CP: Connect yourself to your Pig Iron peeps in six degrees of separation or fewer.
Cf: I've worked with many artists from Pig Iron in different projects over the years — from Geoff in F&B&F&F and Red-Eye to Havre de Grace with Lucidity Suitcase. Alex Torra was the outside eye for the research and development phase of CHICKEN; Sarah Sanford and I were in 24-Hour Bald Soprano together; and many of the gang were involved in Alex Torra's Come to My Awesome Fiesta, It's Going to Be Awesome, Okay? James Sugg composed the music for Cherry Bomb. And I was the outside eye for the Machines Machines Machines Machines Machines Machines Machines run at [New York City's] Here Arts Center, which Quinn [Bauriedel] and Geoff were in — so we've all known each other for a pretty long time now.
CP: How's working solo different than collaborating with Pig Iron or 1812?
Cf: It's great — you get to follow exactly what you're interested in and run with it.
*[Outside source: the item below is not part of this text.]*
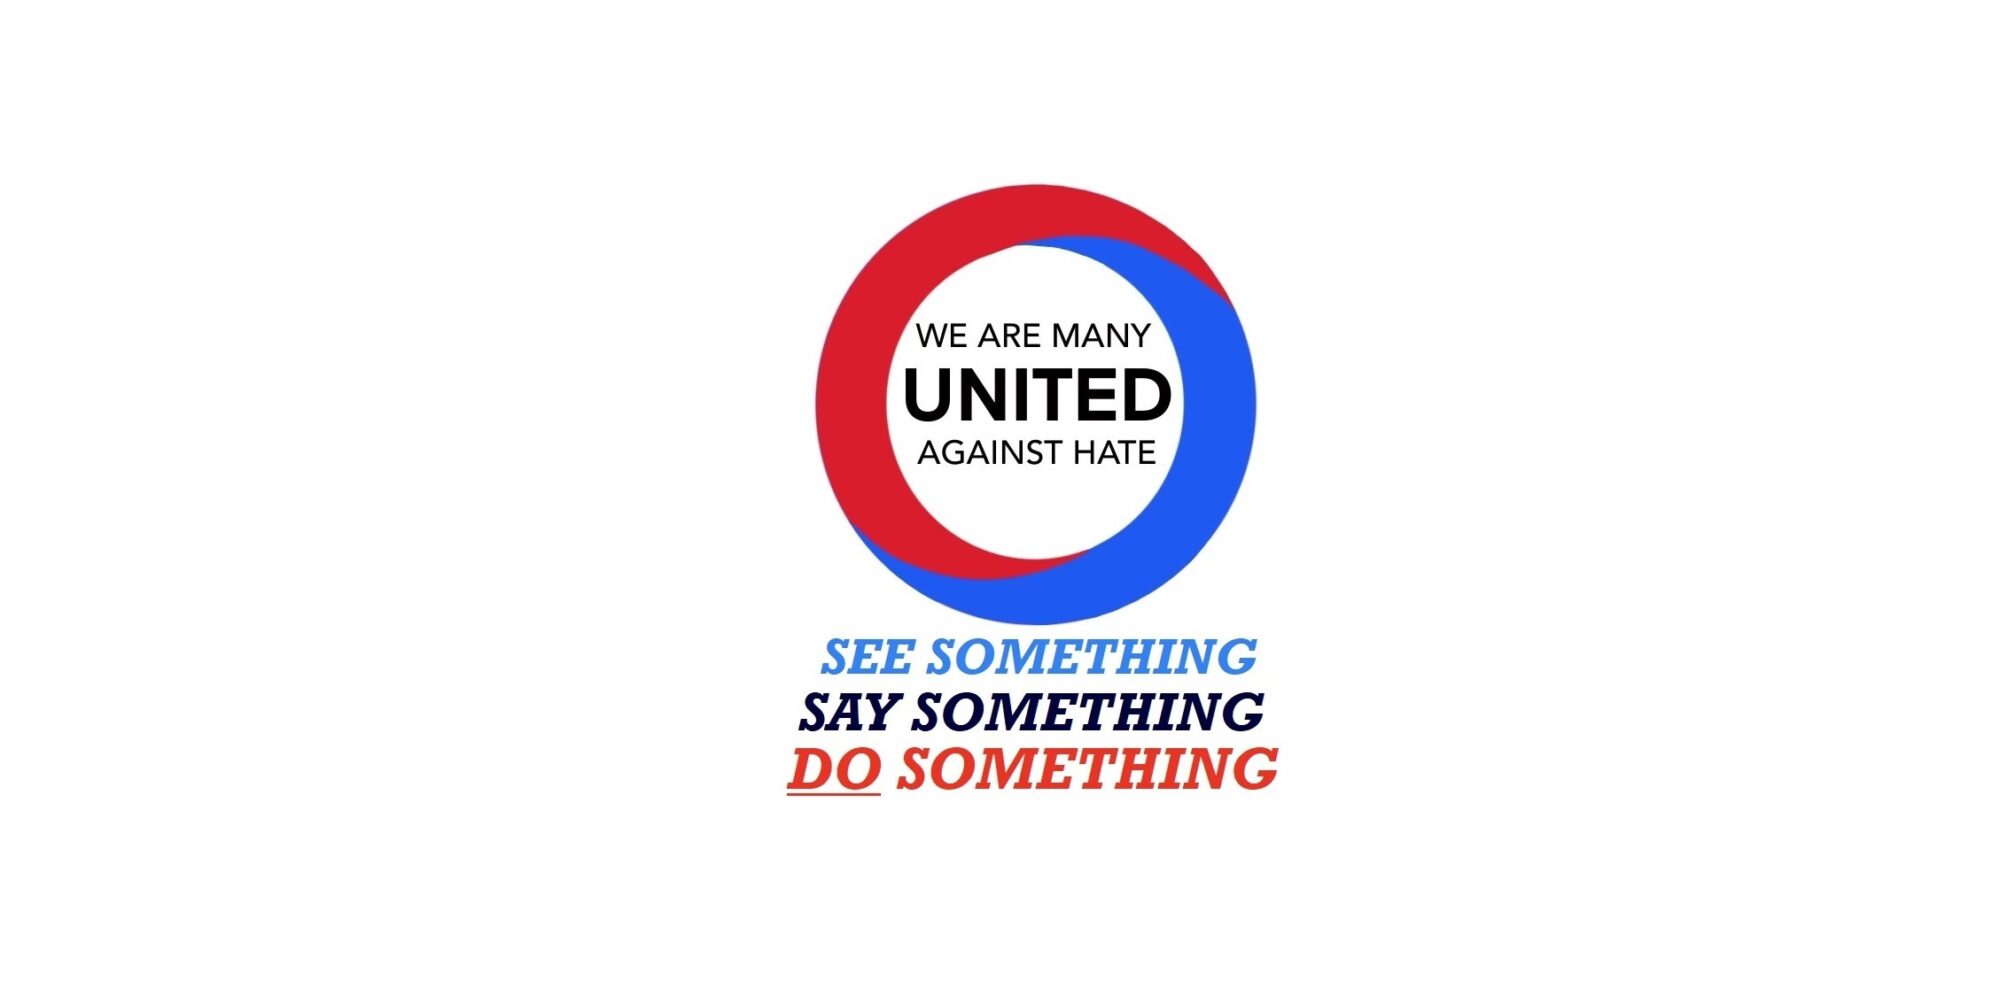 We Are Many - United Against Hate

But it's also quite a challenge to produce something without an infrastructure. It's a lot of hats to wear at once, and that can distract from making the work.
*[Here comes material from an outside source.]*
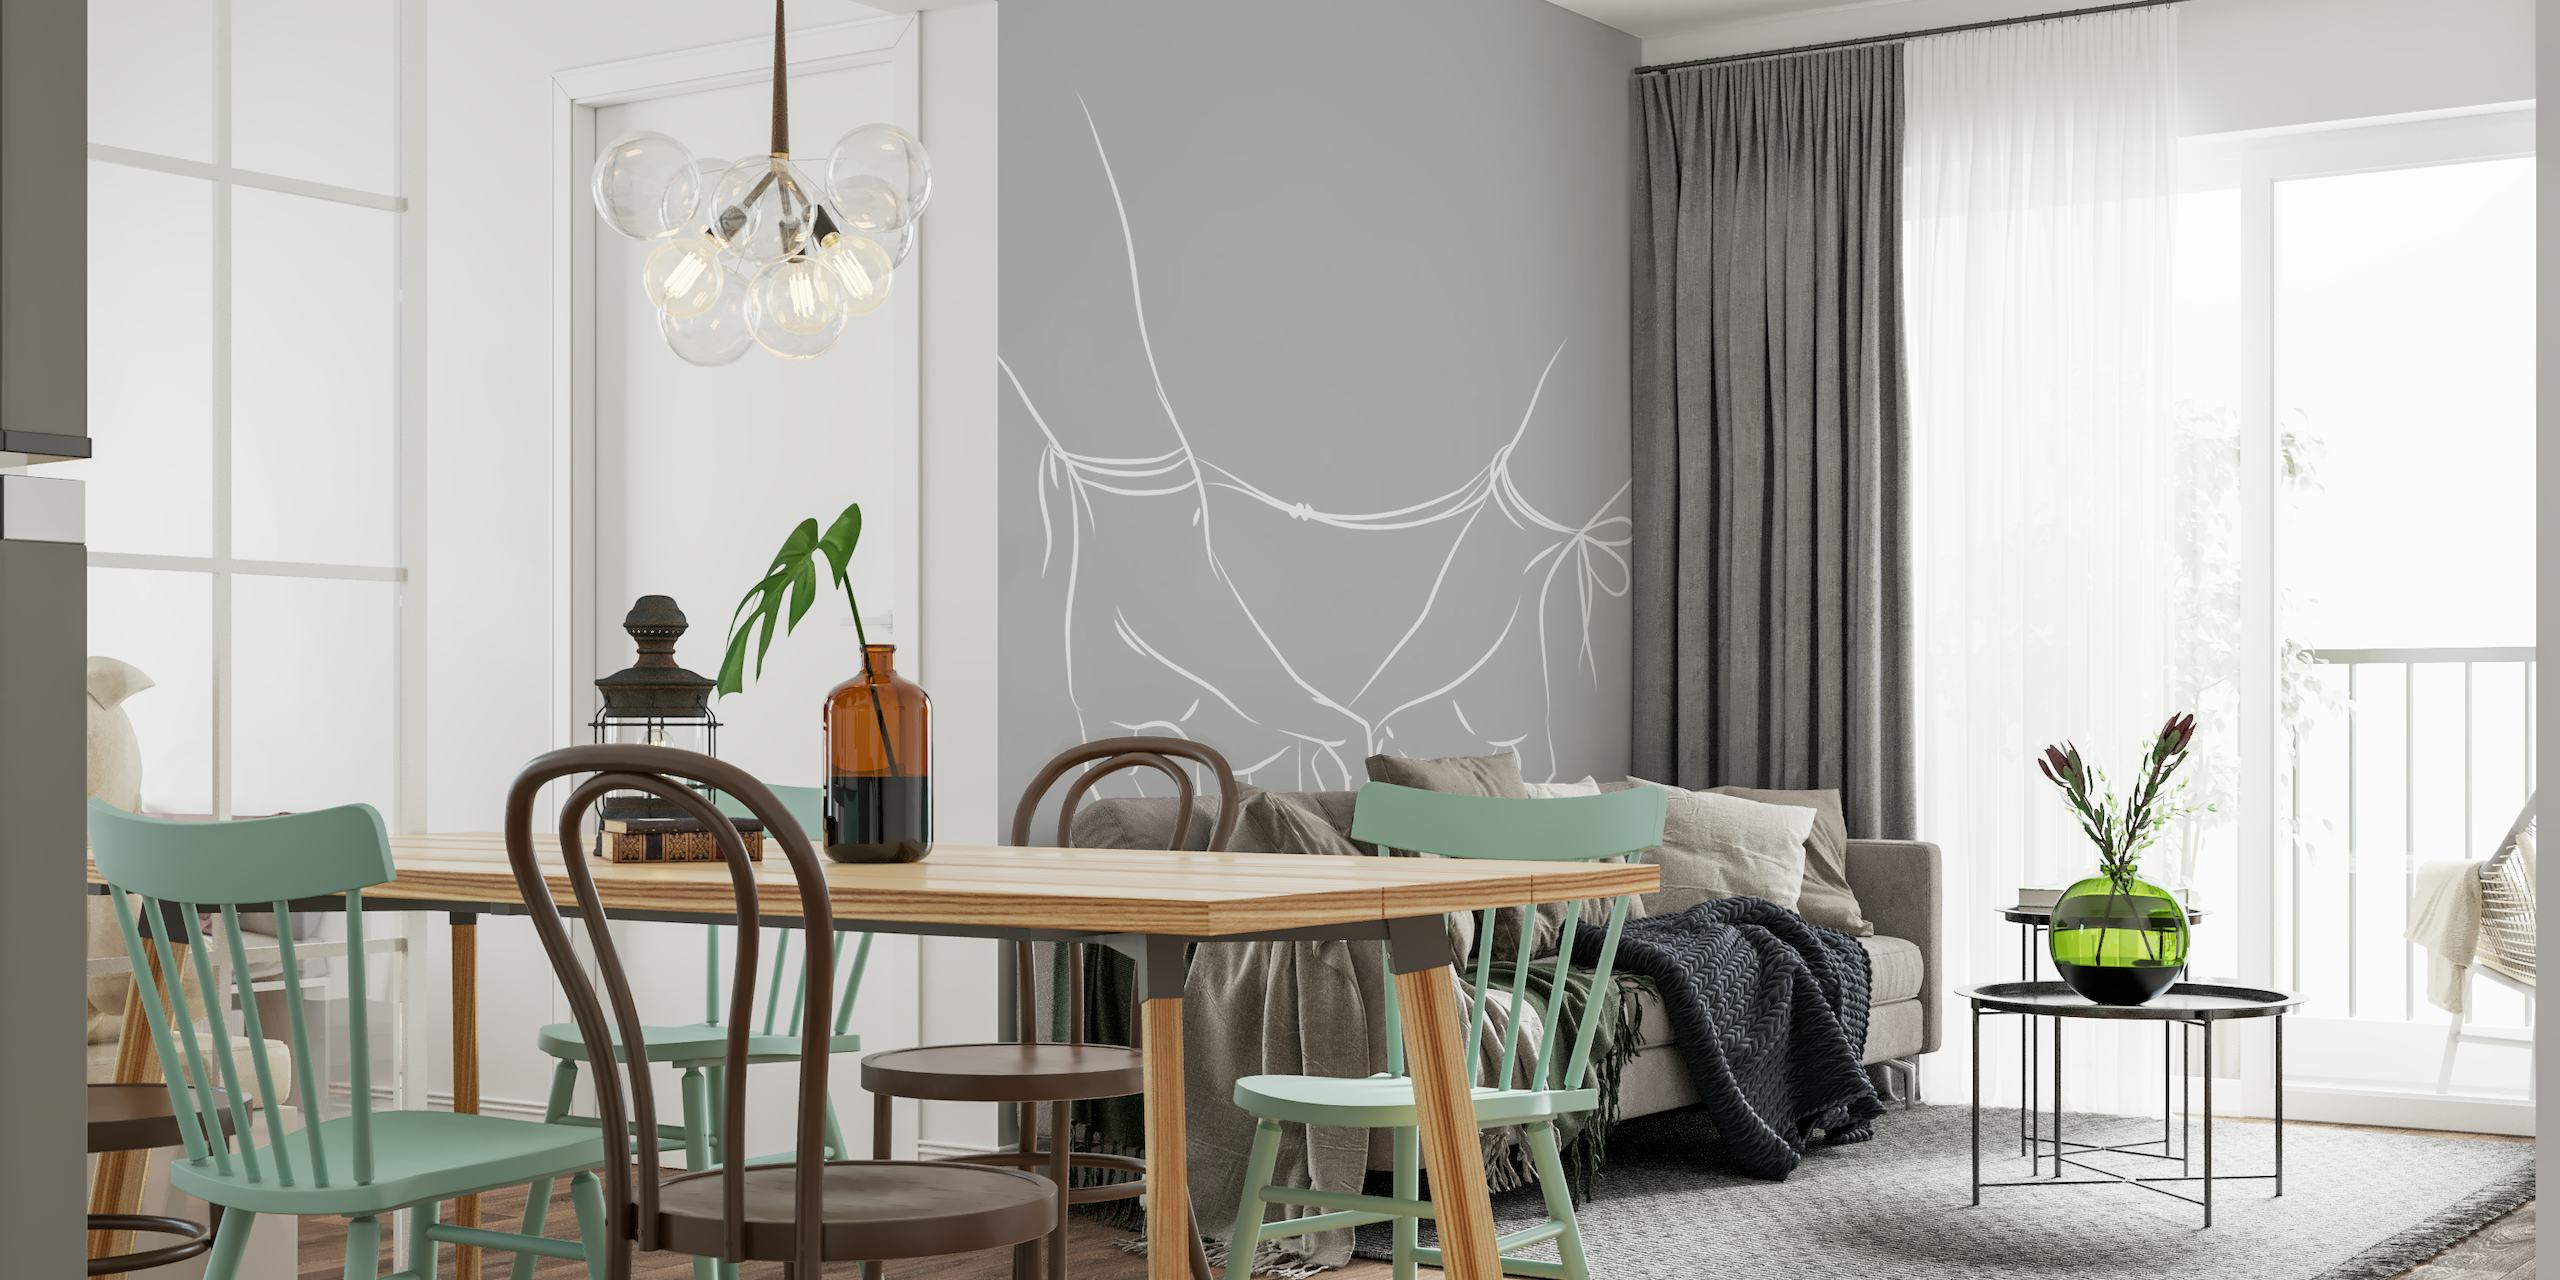 Minimalist line drawing wall mural of interlinked hands representing friendship on a solid background

CP: Why do an expressionistic clown play about nuclear annihilation and boredom?
Cf: It's pretty terrifying to be worried about nuclear annihilation and have no way to occupy yourself.
CP: Did it seem less clowny when you got $20,000 from the Pew grant peeps?
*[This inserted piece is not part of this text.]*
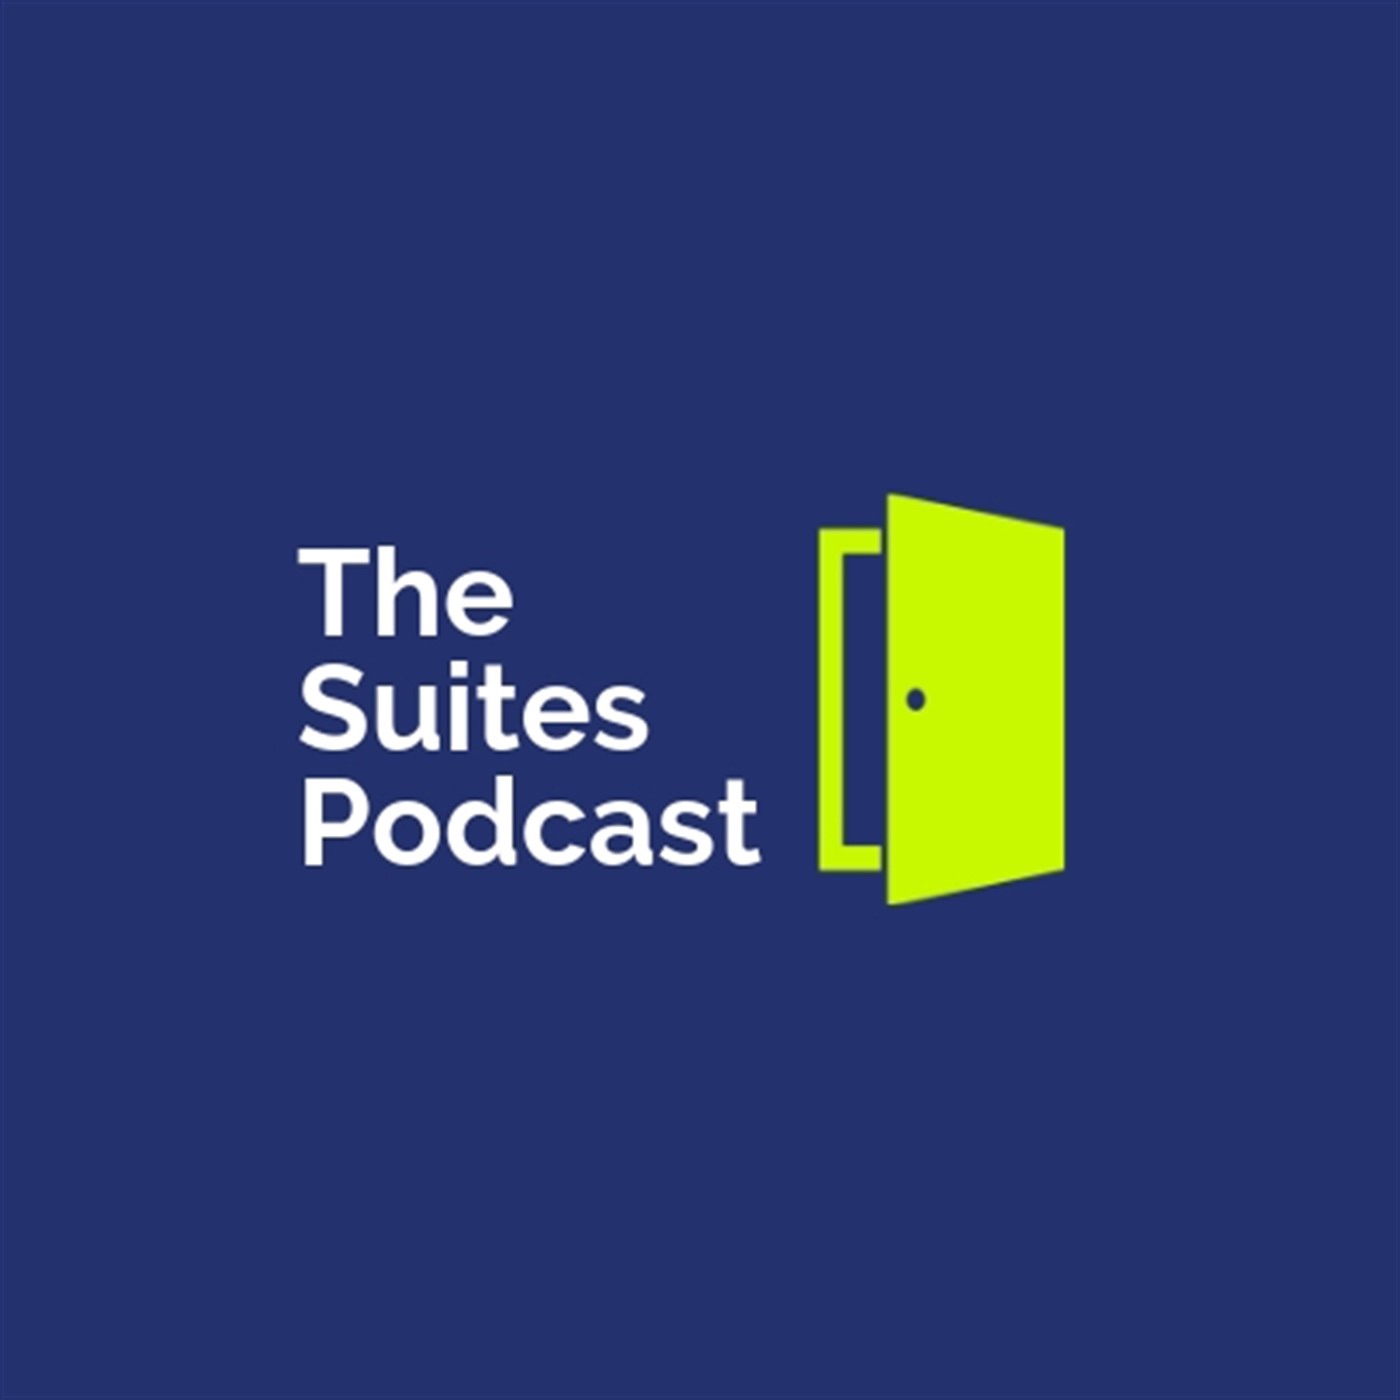 The Suites Podcast

Cf: That was a very happy day.
CP: How did you decide to make each of the three guards enact their worst fears as part of CHICKEN's frippery? What did you learn about yourself through finding/testing those fears?
Cf: We improvised using everyone's worst fears. We made a big, scary list — it was like ordering in Spanish at Geno's.
CP: Are you — and I'm going by the press release — the "buzz-cut she-beast," the "Casper Milquetoast somnambulist cross-dresser" or the "passive-aggressive Elvis devotee"?
Cf: I am the buzz-cut she-beast. My character, Pamela, is a sadist — she loves seeing people do awful, terrible things. She, of course, hates having to do them herself.
CP: Why start theorizing and writing about those awful, terrible things in the first place?
Cf: I wanted to make a project about fear. The plan was to create a Michelin Man-like suit and go around Philadelphia doing things that scared me, believing the suit protected me — like, auditioning for a musical at the Walnut, discussing the financial prospects of my career in theater with my parents, hooking myself up to a crane and smashing myself through a cement wall. I wanted to try to make an expressionistic clown play where a woman was so terrified of the rodents in her kitchen that the rats grew gigantic, 7 feet tall, in proportion to her fear. A gigantic rat is in her kitchen, frying eggs at the stove, smoking a cigarette and ashing in the eggs, pooping on the floor. The woman is trying her best to ignore him. I wanted to explore the idea that the experience of living with constant anxiety is probably worse than what we're scared of occurring.
CHICKEN runs Sept. 3-6, $25-$30, Live Arts Studio, 919 N. Fifth St., 215-413-1318, livearts-fringe.org.